路上,二蛋叨叨咕咕的,說好不容易離開了龍灣村那個鬼地方,終於可以重新享受人間的美好生活,爲什麼大老遠地還要回去?就爲了找凌玥嗎?你是不是喜歡上了她?
我說,要是你小子丟了,到天邊我都給你找回來。
這次,我們路線明確,幾乎沒繞什麼彎路,便來到了龍山外。付了車費,我們開始翻山。
路上無話,我們默默地翻過一架又一架的山樑。有時,我會希望我們的速度能夠快一些,因爲快一些,我就可以儘早地到達龍灣村。然而又有時,我卻希望慢一些,因爲我怕,我怕我們達到龍灣村後,那裡沒有凌玥的身影。
舊傷在身,我和二蛋的體力都不如從前,但好在這次我們來得早,有更多的時間可以分配在爬山和休息上。
翻上最後一架山樑的時候,已是傍晚時分。
記得上次來到這裡的時候,也是傍晚,然而物是人非,感受已然大不相同。
白浪如雲,碧海如天,礁崖如火,紅沙如玉,如畫般的美景。

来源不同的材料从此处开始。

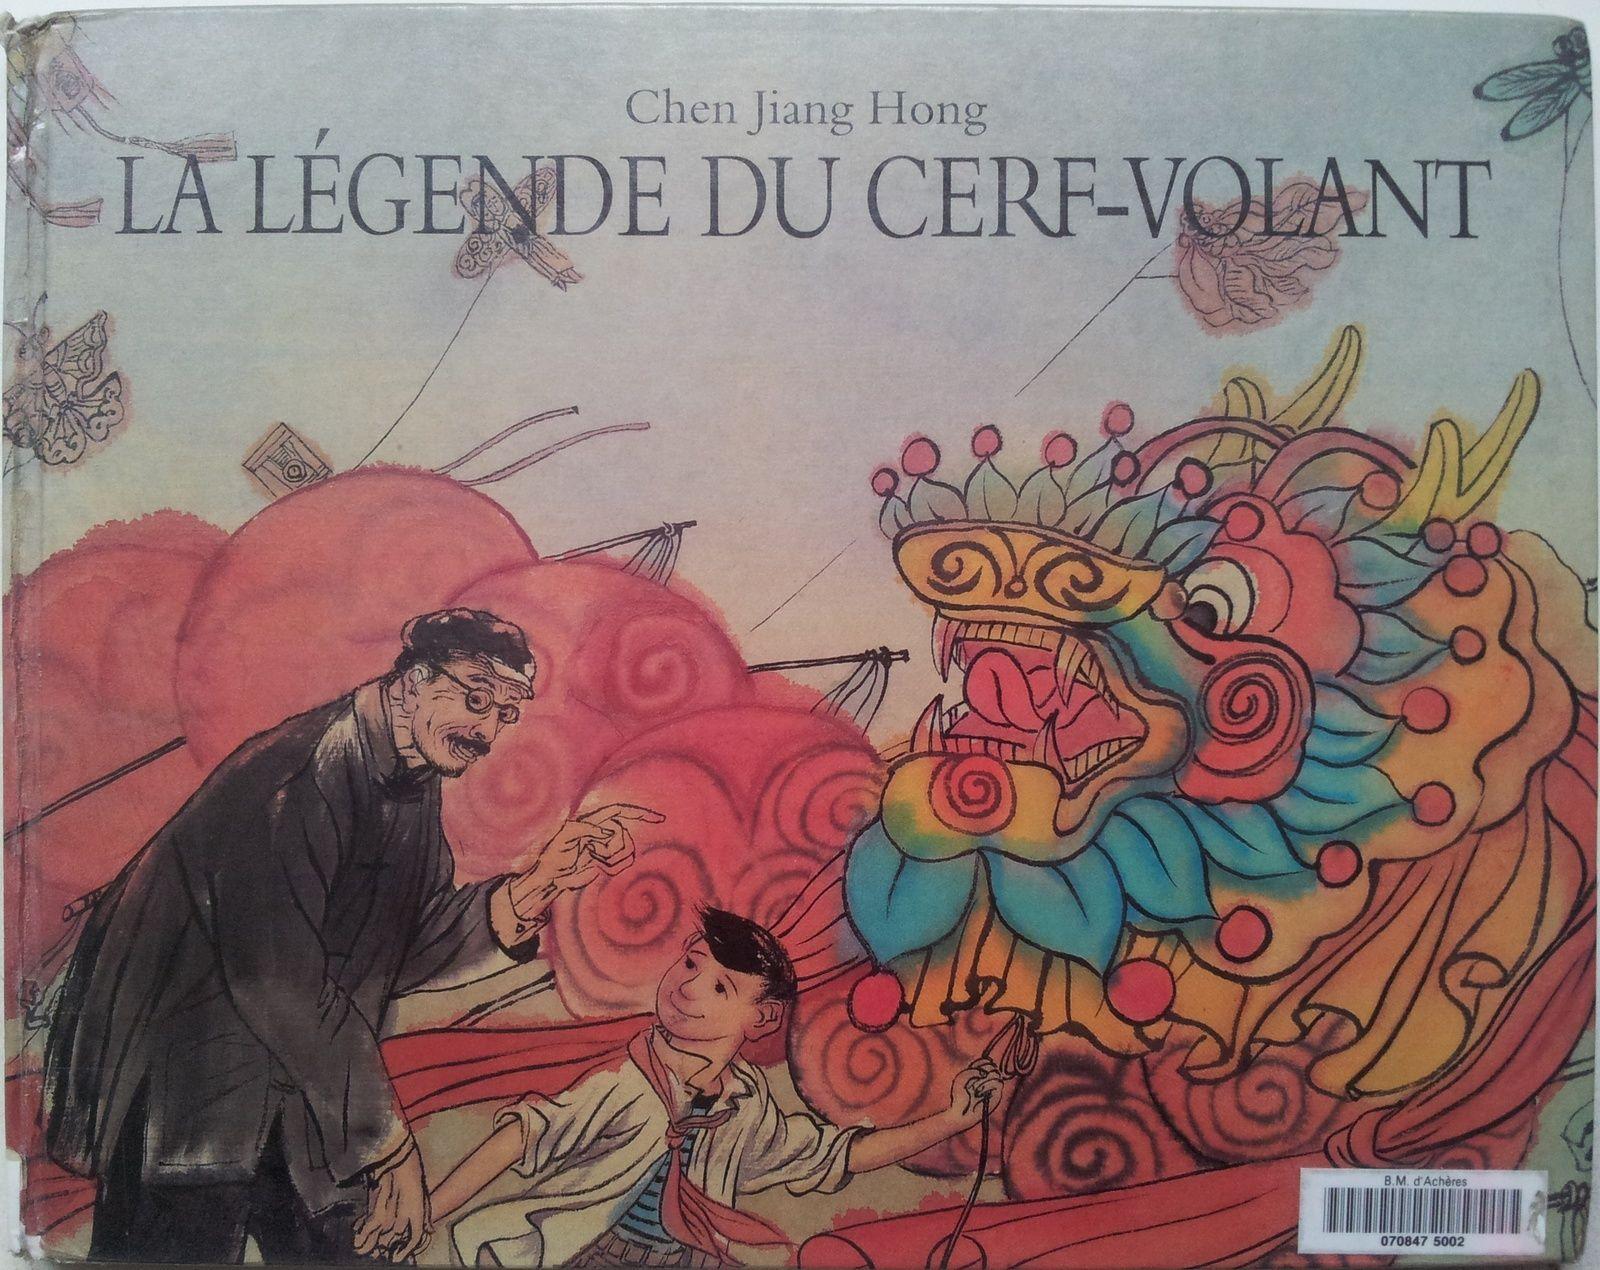 La Legende Du Cerf Volant Chen Jiang Hong Des 6 Ans Vivrelivre Cerf Volant Ecole Des Loisirs Cerf

我望着眼前的這幅畫卷,長長的一聲嘆息。
我低頭,去找尋記憶中,那些隱在山影中的礁石小屋。
沒有礁石小屋,有的,只是一片礁石的廢墟。
我驀地一愣,腦中升起一種不祥的預感,和二蛋一路小跑着下了山,來到了那片廢墟中。
大大小小的海血礁石,雜亂無章地裸露在海沙間,鋪佔了大片的沙灘,似乎曾經歷過一場破壞力巨大的海嘯,觸目所見,一切都瀰漫着碎裂和死亡的氣息。
這裡沒有人,也沒有其他活的生靈。
“這、這,這是咋回事?村子呢?石屋呢?”望着滿目的狼藉,二蛋結巴道。
我沉重地搖頭。
“應該是那場火山爆發,引發了海嘯,淹沒了龍灣村。”我猜測道。
“我的天!”二蛋嘆道,“那龍灣村人呢?咋一個人影也沒有?最慘,也應該有屍體纔對啊!”
是啊,人呢?屍體呢?我環顧四周,除了荒山便是大海,毫無半點人跡。我知道,這龍灣村是有男女老少數百口子的,怎麼會一齊消失的無影無蹤?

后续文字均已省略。